Manche Menschen mit Typ-2-Diabetes weigern sich denn auch zunächst kategorisch, einen Versuch mit Insulin zu unternehmen. Die Liste der Vorbehalte ist lang:
- Insulin ist eine Einbahnstrasse (stimmt nur teilweise)
- Insulin schränkt die Bewegungsfreiheit zeitlich, örtlich und sozial ein (stimmt nicht)

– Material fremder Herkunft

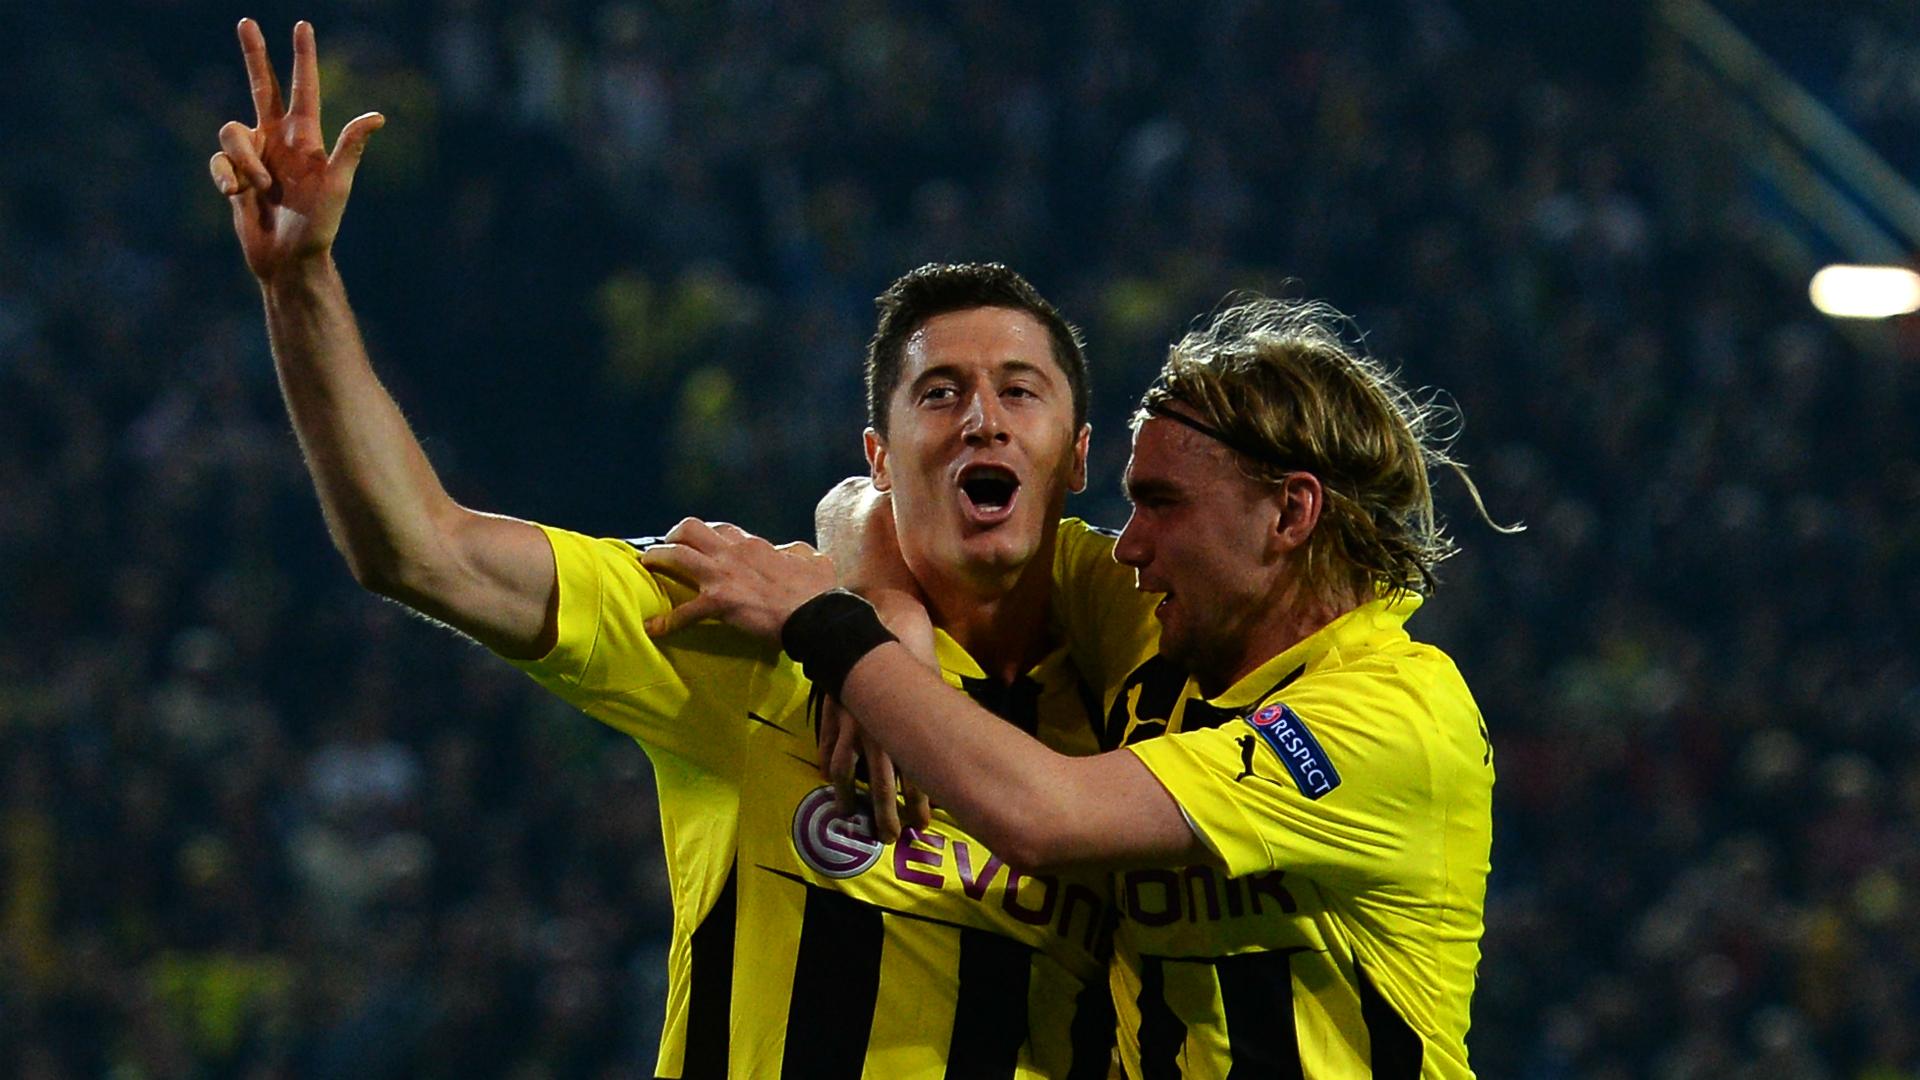 Lewandowski Schmelzer Borussia Dortmund - Real Madrid 04242013 Champions League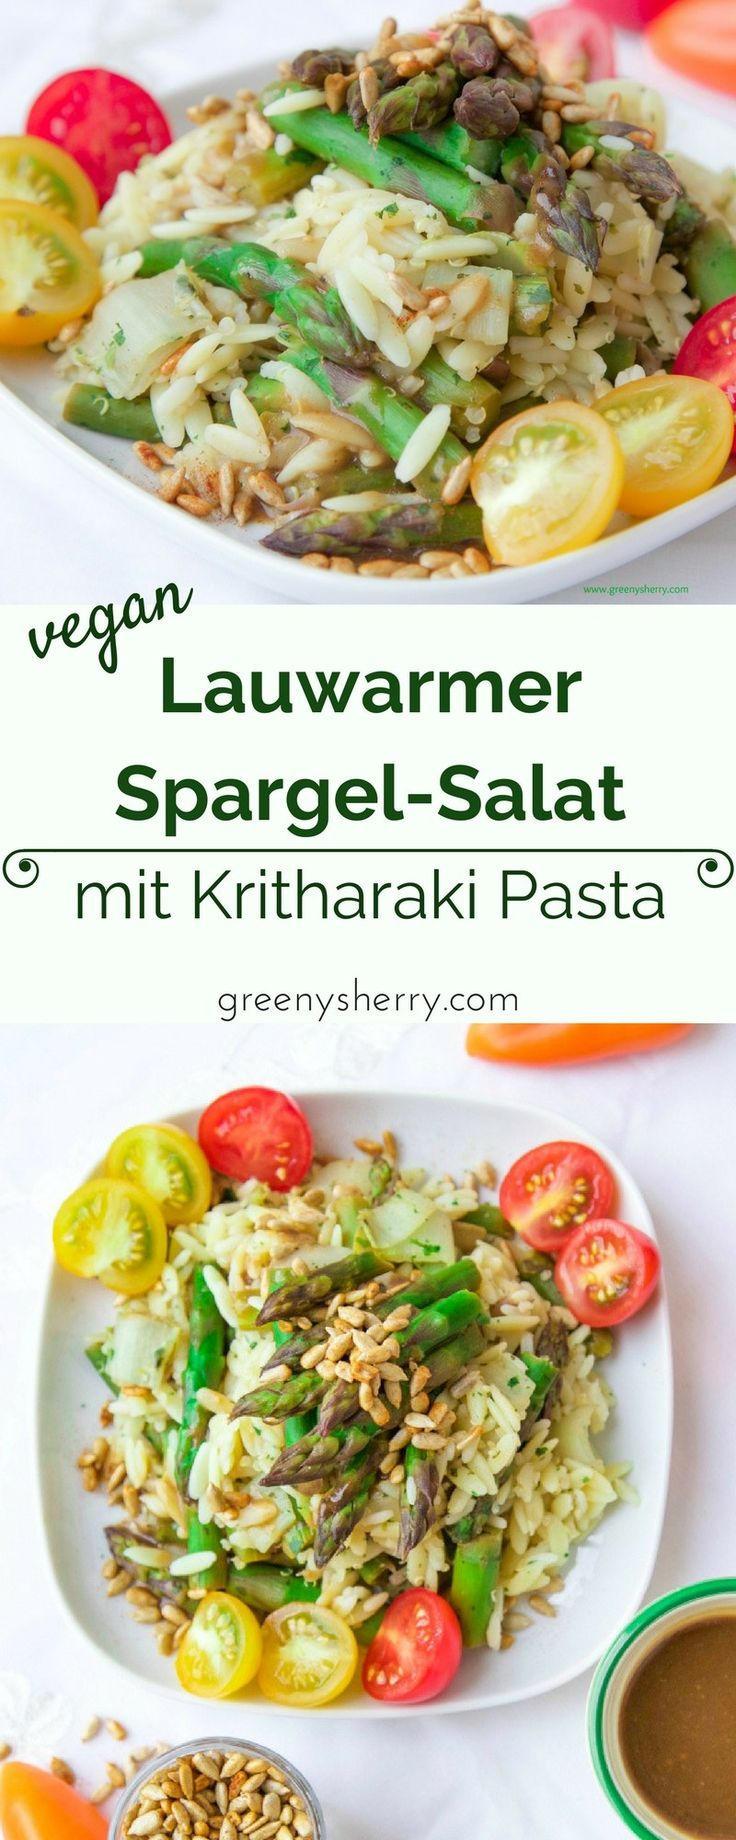 Grüner Spargel-Salat mit Kritharaki-Nudeln, Chicorée und gerösteten Sonnenblumenkernen - www.greenysherry.com - #saisonal #regional #vegan #vegetarisch #gemüse #spargel #grün #eatyourgreens #frühling #mai #salat #lecker #rezept #foodblog #diy #nachhaltig #essen #gesund

- Insulin zu spritzen bedeutet, einen schweren Diabetes zu haben (trifft nicht zu)
- Insulin verursacht Hunger (stimmt nur teilweise)
- Insulin macht dick (stimmt teilweise)
- Insulin verursacht Unterzuckerungen (trifft nicht zu)
- Insulin ist die Strafe für begangene (Diät-) Sünden (stimmt nicht)
- Insulin ist nichts für alte Leute (stimmt nicht)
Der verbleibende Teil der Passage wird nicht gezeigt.